Even if hoarding or “caching” of food do not directly represent a learning process of cooking – these behaviours seen on animals nonetheless resembles our sensory usage of heat to our advantage at either fermenting or storing – for later consumption.  Crocodiles; famous for their very long fasting window (up two years without food) – frequently store their hunted carcasses deep in mangroves, and letting them rot. Crocodiles are seen seldom getting out of the waters – however interestingly, if nearby presence of rotten meat is detected – they are more likely to crawl out and drag the carcasses back to the mangroves.

Stephen Diaz @ Unsplash

What about salt? Institutions aka Dietary Guidelines dictates our pedestrian normalcy that salt deserves no place on the food pyramid.

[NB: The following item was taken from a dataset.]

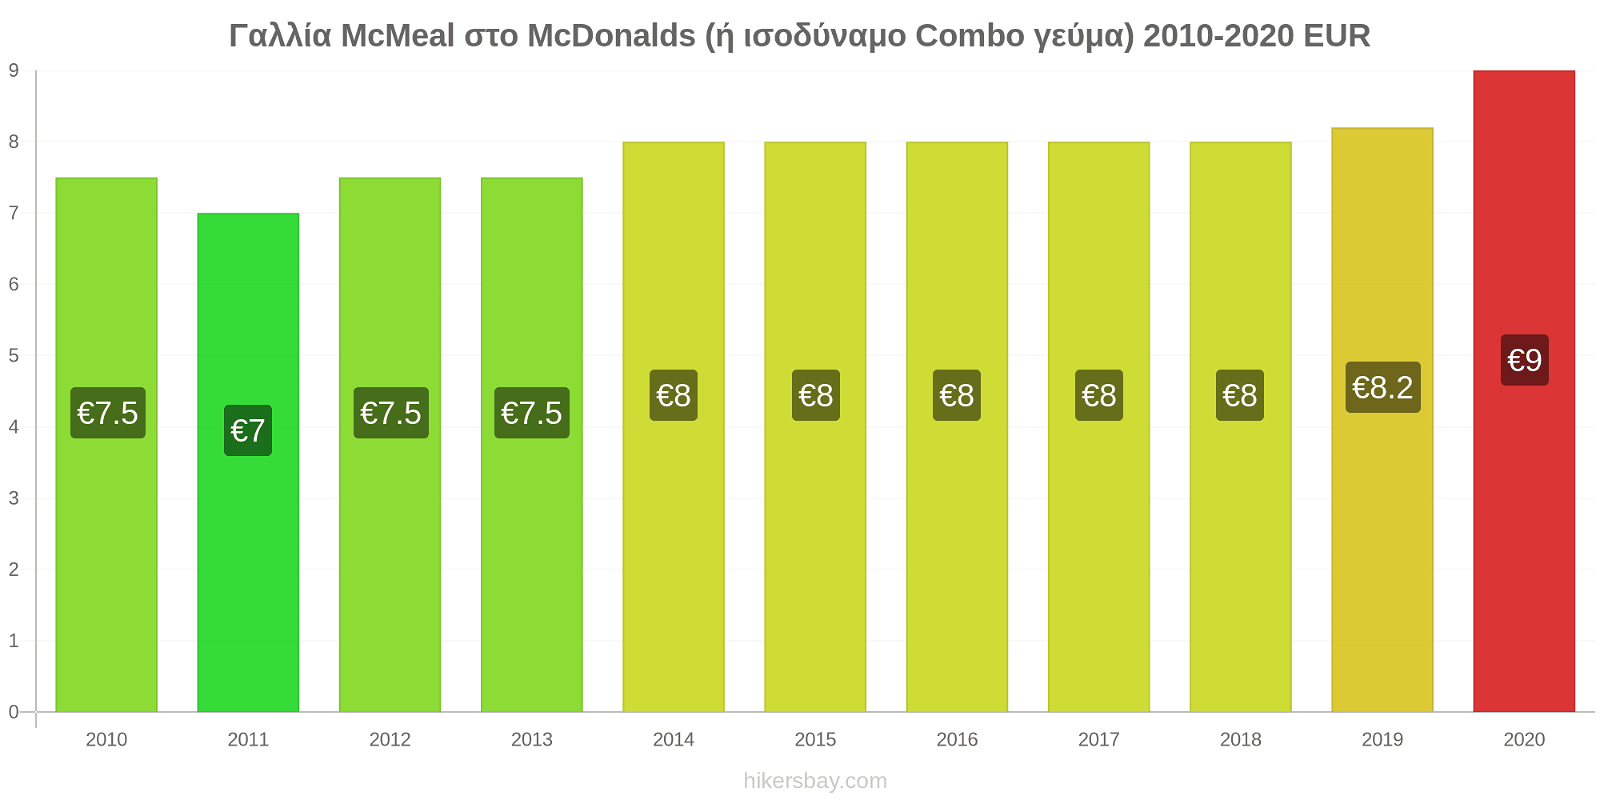 Γαλλία αλλαγές τιμών McMeal στο McDonalds (ή ισοδύναμο Combo γεύμα) hikersbay.com
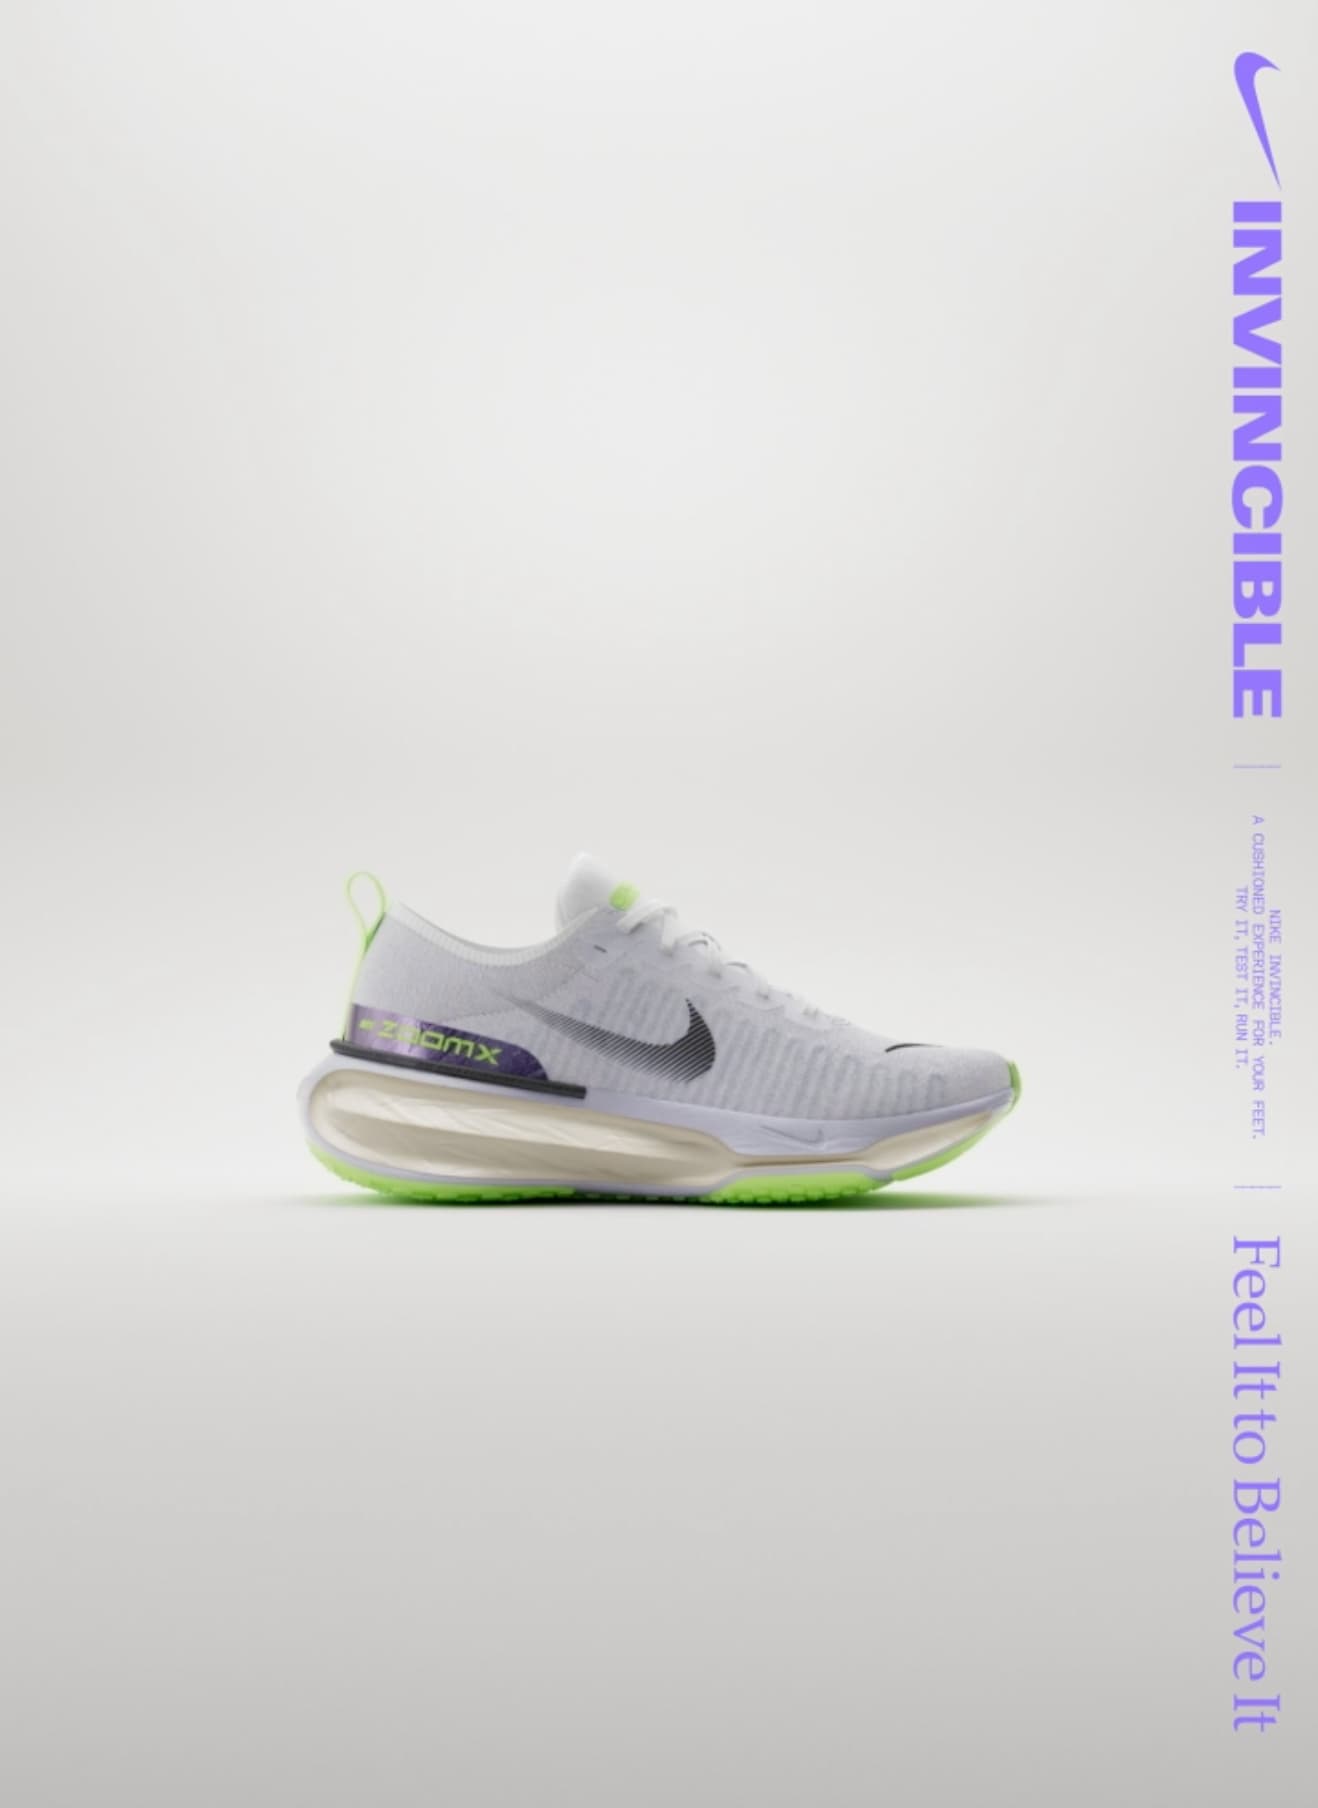 Site de Nike. ES

Animals, on the other hand – appeared more wiser as they subscribe to no “-ics” or “-isms”. The Japanese Macaques; are known to have habitual, salt-palatability preference by dipping their potatoes in nearby salty ocean waters.

….So what can we learn from animals? Beyond nil subscription of politics – their very own potential resemblance to our proximal curiosities at learning; seems cooperative enough that they could remotely learn something back from us.

Whilst I highly doubt chimps would replace the next Michelin star chefs, but the very idea of inviting them into the next episode of Kitchen Nightmares to me – seems not just for an overt humor.

But nevertheless a logical testing; of them and their’s own – evolutionary curiosities.

Hasan Almasi @ Unsplash

TLDR; Cooking helps augment our survivability.

It bears worth repeating – that any realm of “consumption” – requires complete obligatory death of something else. An obligate prey must be free and cleansed of all suspecting elements that deter any effective digestion and/or nutrient assimilation pathways.

Whether done primitively or assisted through technology – cooking is what led us to envelop our means of pragmatic understanding of living and interacting with our environment.

I highly doubt the Palaeolithic man were lend out a saucepan, a gas tank or a portable freezer from willing contributing extra terrestrial/s from outer space.

We must nonetheless be thankful for him and his generations before him – having surpassed and learned much of the very unpredictable and untamed – ecosystems of nature. Having both trialled long list of scrutinies and experiences, I’d remain humbling and grateful. That from all the sickness our ancestors carried; evolution thus nevertheless – capably led us to this very day of unprecedented sustenance.

There is no other convincing causality then; from us all having enveloped our interpretations of the world we live in, by nurturing ourselves, with each and every small learning steps of cooking. To have ensured that all the meats we cached, milks we carried in our saddles, and the potatoes we boiled – rationally led to our very own survival.